Bike Touring Journals by Neil Anderson and Sharon Anderson Bicycle touring journals
November 28 Monday Bicycle touring Portugal from some farmer's field inland Portugal to Alamo Portugal
The reason why we cycled 85 kilometres yesterday is because Susan wants to hopefully make it to Seville (or Sevilla) to catch a train to Malaga where she is supposed to catch her plane back to Victoria. She is beginning to get worried that she isn't going to make it out of Portugal at the rate we're going. Unfortunately, her poor little legs were cramping last night as we ate supper. Not training for a bicycle tour and then choosing to bicycle tour in a mountainous area is not a good idea.
We are bicycle touring in Europe. We are bicycle touring in Portugal. I am standing in Portugal on a hillside, on a starry, moonless, windswept ledge by our tent. I am overlooking the town of Mertola. A medieval castle is cast in the luminous glow of artificial illumination. A pack of dogs yelp incessantly in the near distance; their voices carrying easily up the hillside. It is easy to think that the past is not too distant here either, a time when people actually had to live in a castle and barbarism was just outside its protective gates. Then again, all considered, we haven't really come that far in the past 500 years. After all, people still bar themselves inside their 'castles,' and wild dogs and infidels prowl still prowl outside our castle gates.
The wind was toward us all day, making forward progress on our touring bicycles rather slow. Painfully slow. But that's a good thing. Once again, the roads had more patches than asphalt. The pavement is laid right over top of old cobbles and rocks. The asphalt isn't very thick or of a very good quality. Who knows when the last time these roads were paved? It's a jarring experience and, even without the headwind, makes for awful slow going on our fully loaded touring bicycles.
This morning, awaking in our cork grove, a thick mist clung heavily around the cork trees. Great goblets of fat dew fell heavily earthward. It dropped with hollow echoes onto our little bicycle touring tents.
In Castro Verde we found a municipal market that had fruit, meat, cheese, and bread. The buns were crusty, but fresh. The Clementina oranges were big, sweet, juicy and seedless. I would love to wild camp under one of those trees.
Sharon found showers in a public washroom for a buck each. While Sharon and Susan went to shower, I was in the market getting a language lesson. I took my phrase book over to a woman in a stall and asked her to pronounce the words for me in my phrase book. She gladly and enthusiastically did so, and I repeated the words after she said them. Portuguese is a nice-sounding language -- the way the words work together, it's almost like they're in a rhyme.

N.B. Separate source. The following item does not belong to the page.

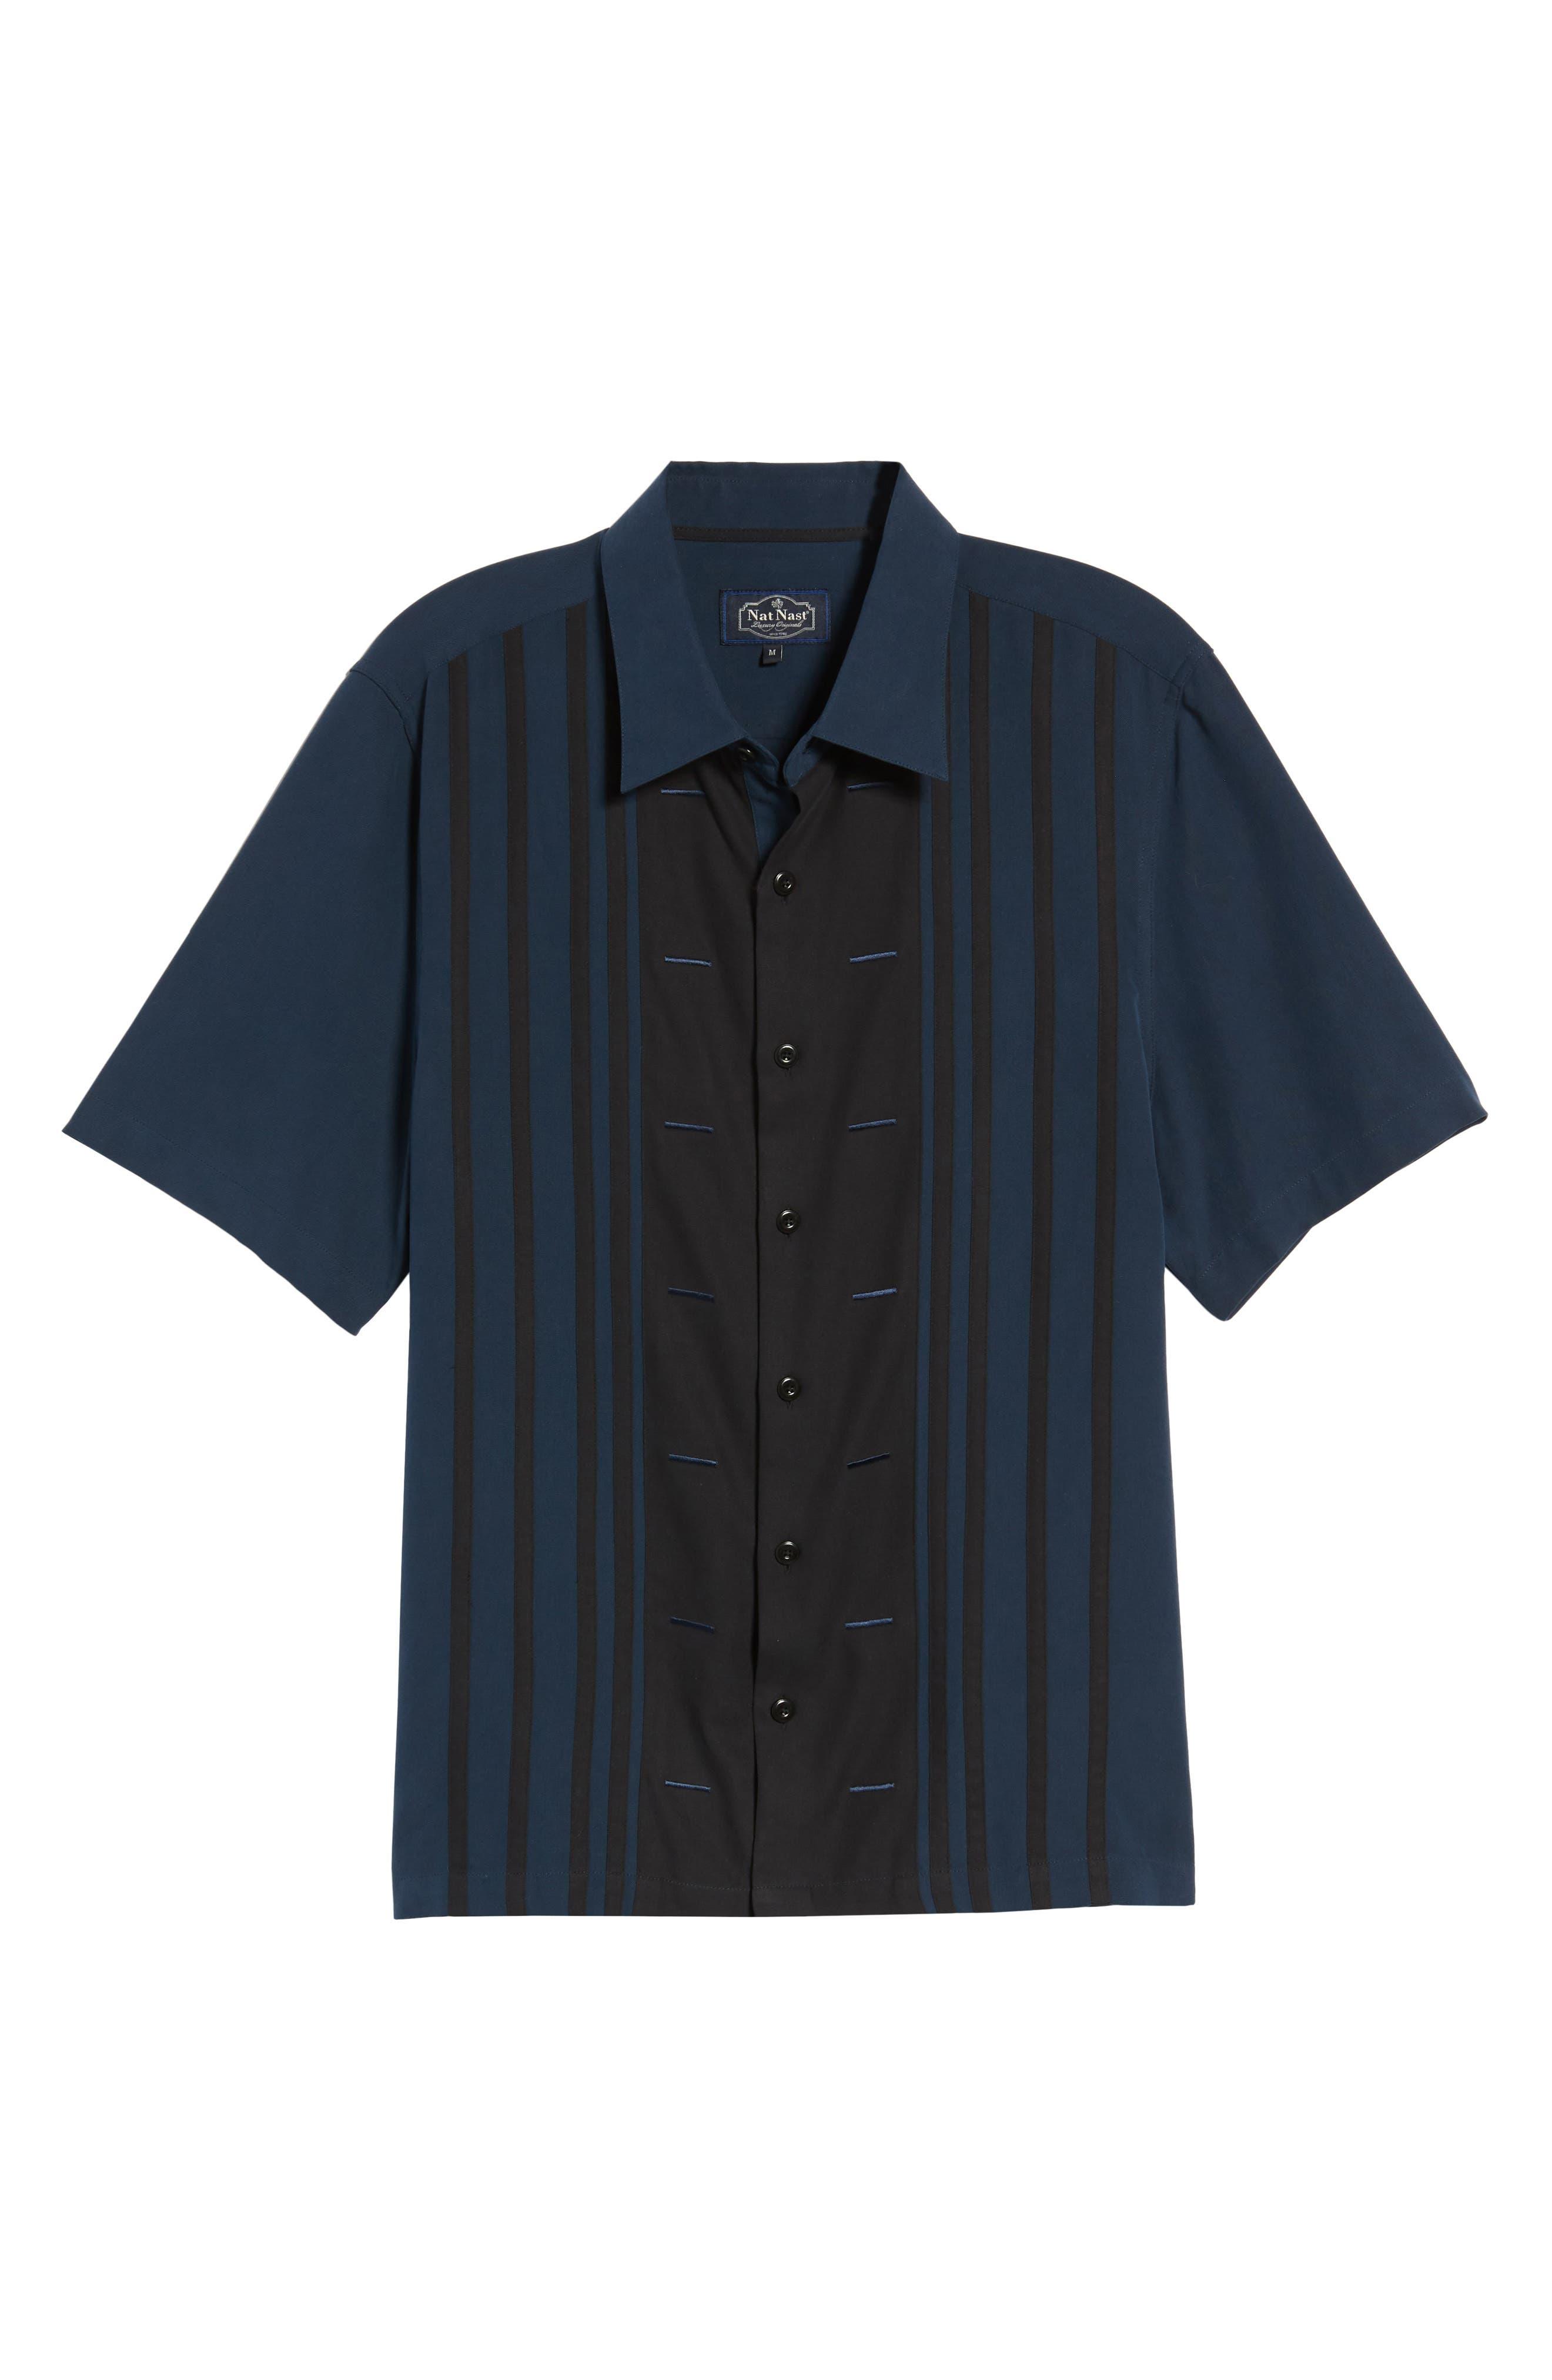 Key Best Camp Shirt,                             Alternate thumbnail 6, color,                             Midnight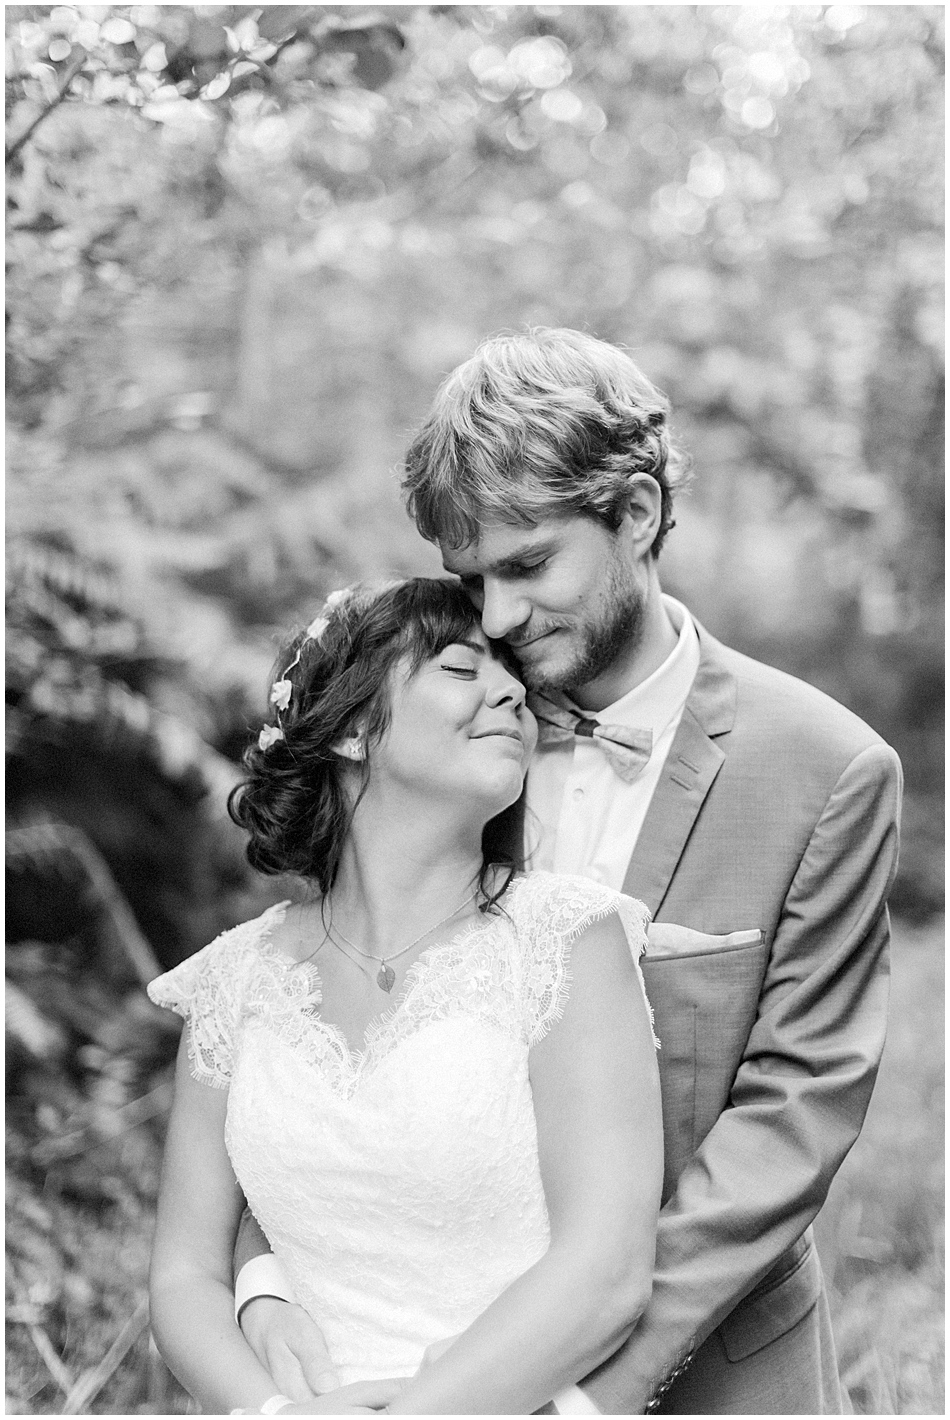 Marie-Alice G-Photographe Mariage France Normandie - Photographe Mariage Manche valognes cherbourg - Wedding Photographer France_0165

I had a hot shower, too. No timer on them or anything. Lots of hot water. Sharon and Susan went first, then I went. Sharon and Susan told me that I had to buy a shower ticket from a guy who sells tickets for the shower. I wander around the market, trying to find the man that sells the tickets from a description Sharon and Susan gave me.
I eventually found him. I tell him I would like a shower. He leads me down a hall and around a corner. He unlocks a cabinet door and takes out a booklet. He pulls a ticket out of the booklet and hands it to me. I give him 100 escudos, which he places in a metal change box. He locks the cabinet door and then escorts me to the shower room.
The showers are off to one side of the men's toilets. Another fella is showering in the only other stall. The ticket seller knocks on the door and says something in Portuguese. A key slides out from under the shower stall door. The ticket seller stoops down, picks up the key and unlocks the other stall. He hands me the key.
I enter the shower stall, set the key down on the bench, and proceed to get undressed. I hear the water in the other shower shut off. The fellow is jabbering away. I don't understand a word he is saying, so I ignore him. I go on with my long shower. It is nice and hot and would have been relatively peaceful except for the fact that throughout my shower I can hear the person in the adjacent shower stall yelling. I figure he must be talking to friends in the hall. I finish my shower. I dry off. I get dressed. I open the shower stall door to have more room to put on my shoes. I glance over at my neighbor's stall. I see a pair of wrinkled old hands sticking over the top of the door. Oh, dear. The wrinkled old hands are shaking the door. The old man is muttering away in Portuguese. Hmmm. Now I think I understand. Without saying a word, I pick up the key from my bench, and slip it toward his fingers. He takes the key and unlocks his door from the inside. A tiny grey-haired old man pokes his head out and looks at me. "Deshculpe (sorry)," I say. He grins.